# Timing with potatoes on the grill



## legend_018 (Jun 22, 2007)

I got some potatoes. I think there some kind of California potatoes. They have a light white skin to them. I'm going to slice them up, wrap them in tin foil with butter, salt and pepper most likely and have my DH grill them.

Should I nuke them first? How long about does it take to cook potatoes on the grill? Trying to figure out timing. We are having hotdogs and hamburgers tonight.


----------



## Renee Attili (Jun 22, 2007)

I cook potatoes this way all the time.
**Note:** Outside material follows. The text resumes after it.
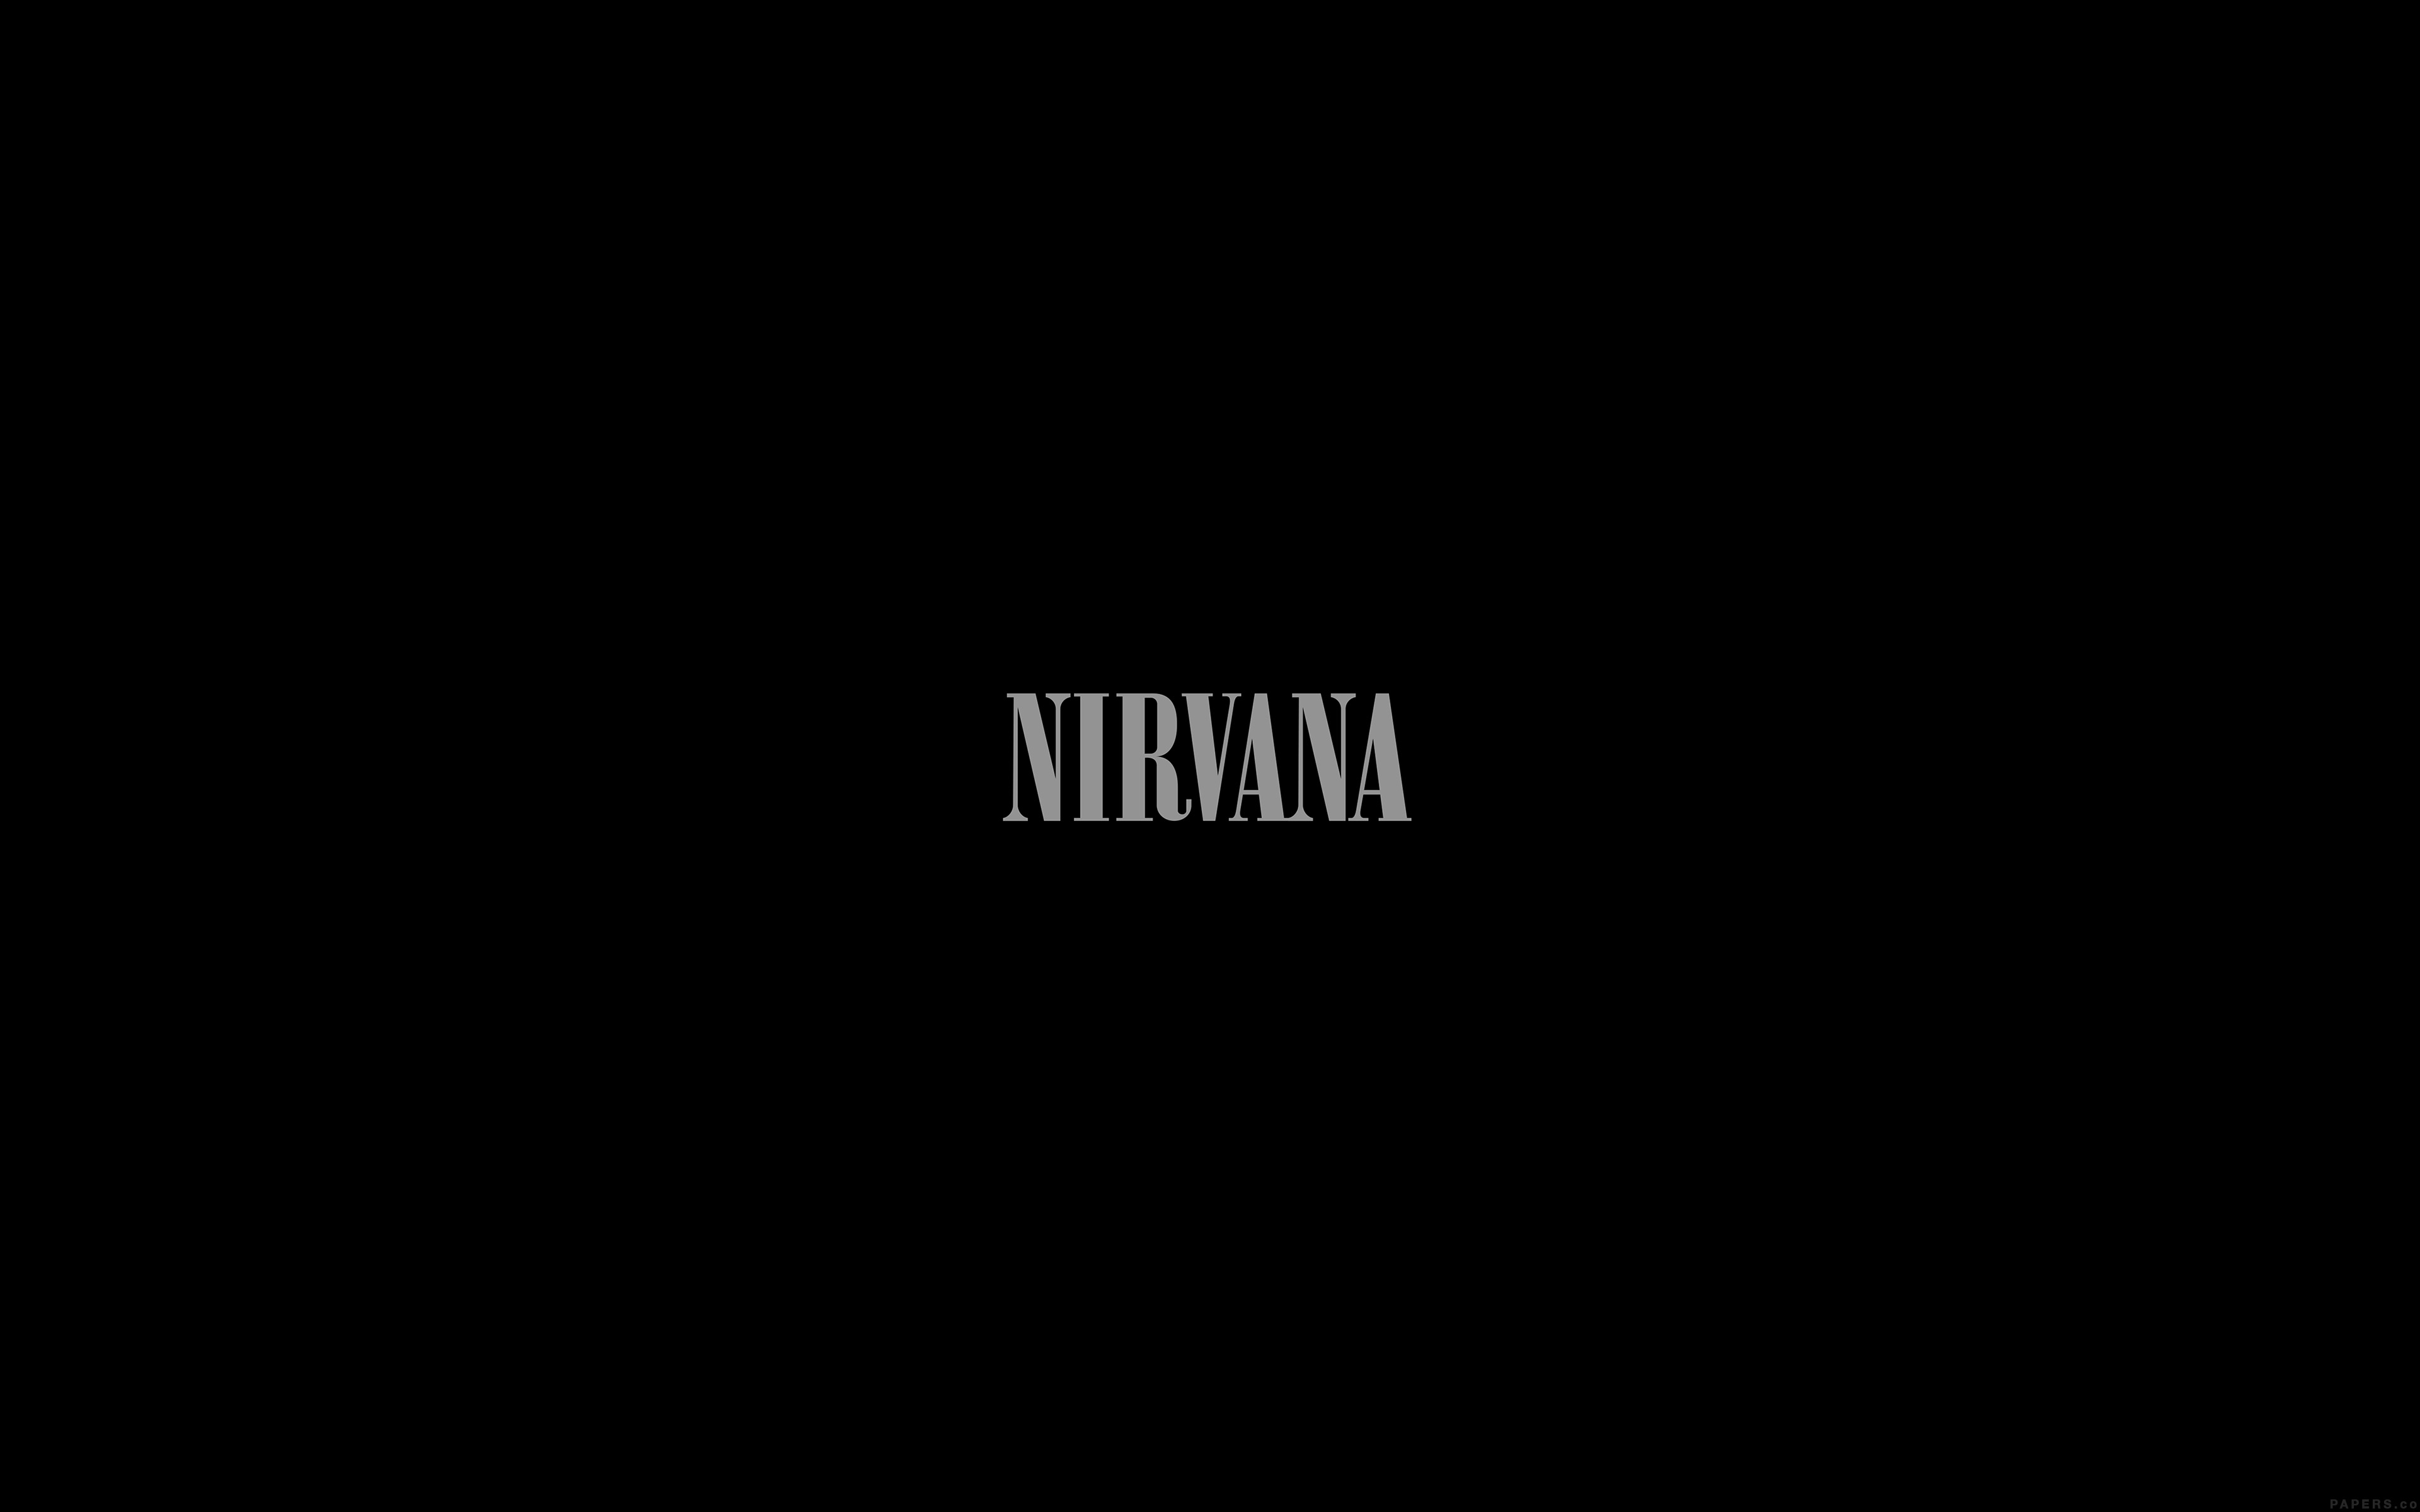 Cute Fall Computer Wallpaper Ak78 Nirvana Dark Logo Simple Minimal Music Wallpaper

Also try garlic and rosemary or thyme.
I wrap mt taters in foil and place on medium heat (350ish) indirect for about 45 min to 1 hour. I test by inserting a fork or even a toothpick to see how easy it slides in. Easy to slide in and out, they are ready. If you enjoy a little blackened taters, you can grill direct and char the bottoms. I love it this way myself.


----------



## legend_018 (Jun 22, 2007)

what if we just put the tin foil packet on the direct heat? Will it take as long?


----------



## YT2095 (Jun 22, 2007)

I can say that slicing them up and then putting them all back together again you can consider it not sliced and must treat it as a whole potato.

there`s plenty factors involved and not really enough info given to make even a ballpark figure for you.

how thick are the slices?
are they all to be cooked as single slices?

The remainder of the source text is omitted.